On June 1st, new import tariffs went into effect, on a trial basis, for a small set of imported goods categories, including skincare, western style apparel, footwear, and diapers. The rates were, in most cases, cut by half. For apparel, the list was limited to fur coats, cashmere sweaters, wool coats, and tailored suits.

The reason these product categories were targeted is because they have been purchased in rising amounts overseas in recent years. Large price gaps existed with areas outside the mainland. At the same time, consumer awareness and expectations on product quality and safety were rising. The price gap led to basic arbitrage and the formation of a huge grey market where enterprising individuals purchased foreign goods and re-sold them in the China market via Taobao (China’s eBay) or via independent stores on Wechat (China’s What’sapp) at lower prices than charged in mainland stores.

What is the effect of the new rule on China’s shopping centres? In our view it will be limited. Firstly, most of what is available for sale in China’s shopping centres is made in China. Secondly, this tariff adjustment is only on a select group of imported goods. Only a few product categories are affected, which form only a tiny percentage of the overall sales of most retail stores, with the exception of some high-end boutiques.

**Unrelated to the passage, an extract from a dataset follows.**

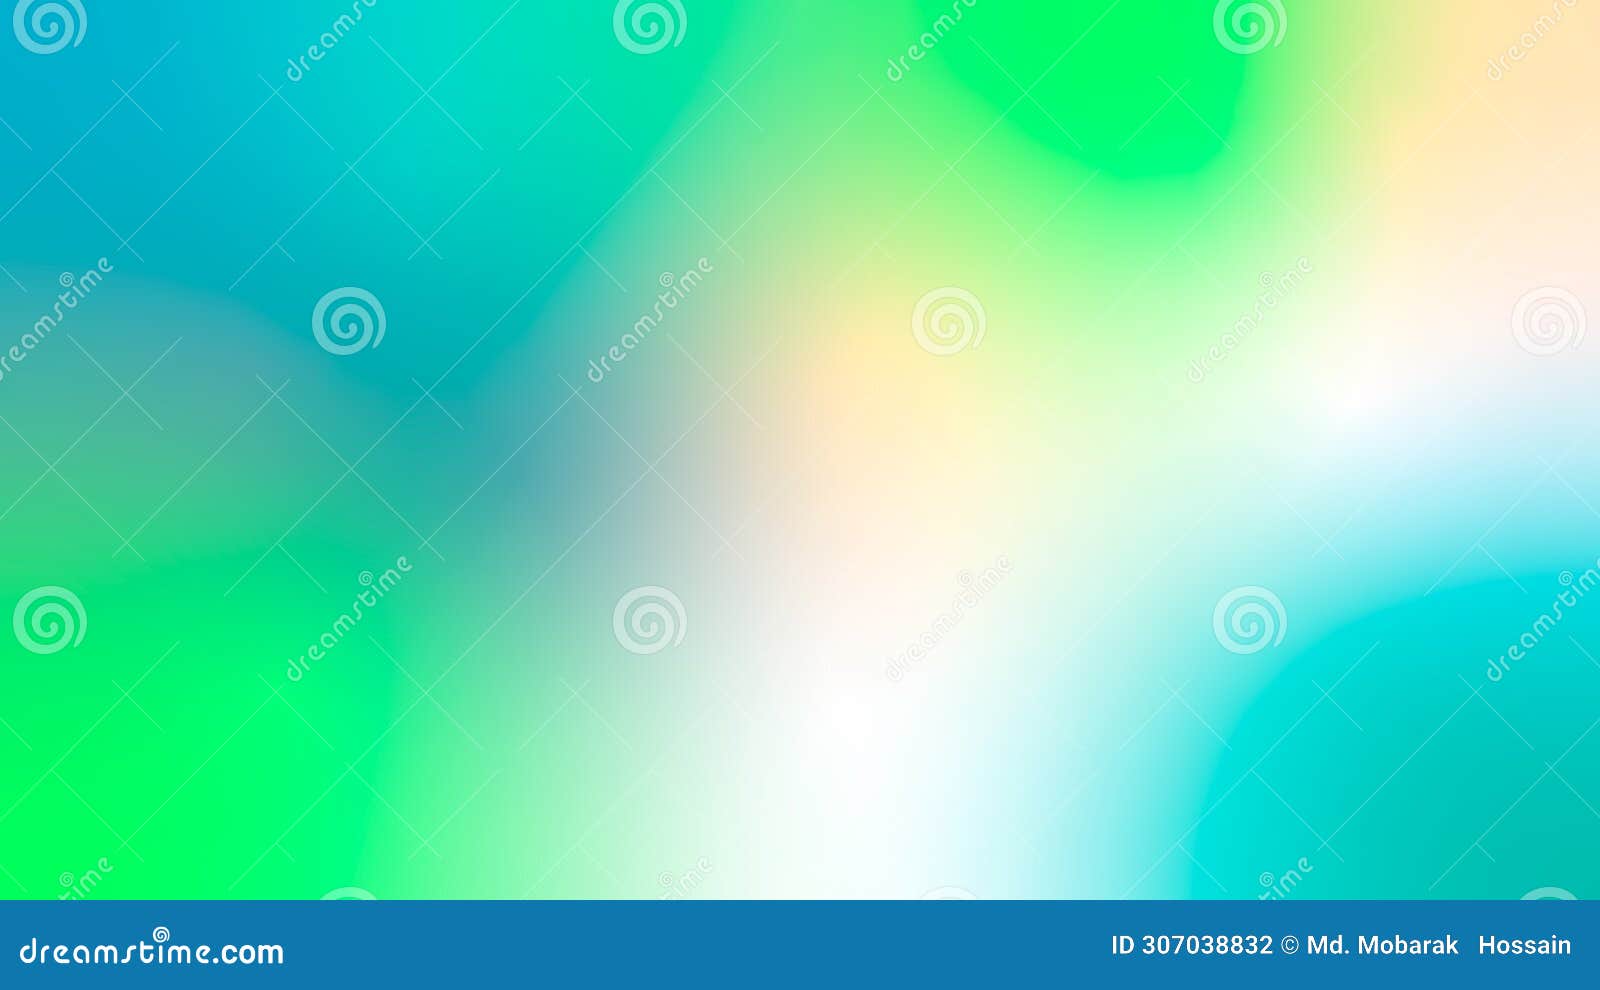 green, blue, pantone, azureish white, robin egg blue, bubbles color gradient background

Import tariffs (duties) are levied only on dutiable value when the goods reach port of entry. This price is much lower than retail value because domestic transportation and distribution costs, as well as wholesale and retail markups, are not included in dutiable value. Meanwhile, other taxes, such as consumption tax and VAT, are levied at a later stage on the final retail price. Therefore, the final effect of a lower import duty is diluted to only a few percent of the final retail price. The effects can be summarised as:

  • For skincare products, dutiable value is much lower than retail value. There is little net effect on retail price for this category.
  • For diapers, the top priority is safety and quality rather than price. Buyers are likely to continue purchasing these from overseas sources. Some foreign brands are simply not available in the domestic market.
  • Most clothing and shoes are made in China.

A change in VAT or consumption tax would have a greater effect on shopping centres than an adjustment to import duties, as would price adjustments made by the retailers themselves. In sum, the effect on China’s shopping centres will be small except for those which have a high proportion of imported, high end-apparel which appear on the tariff reduction list.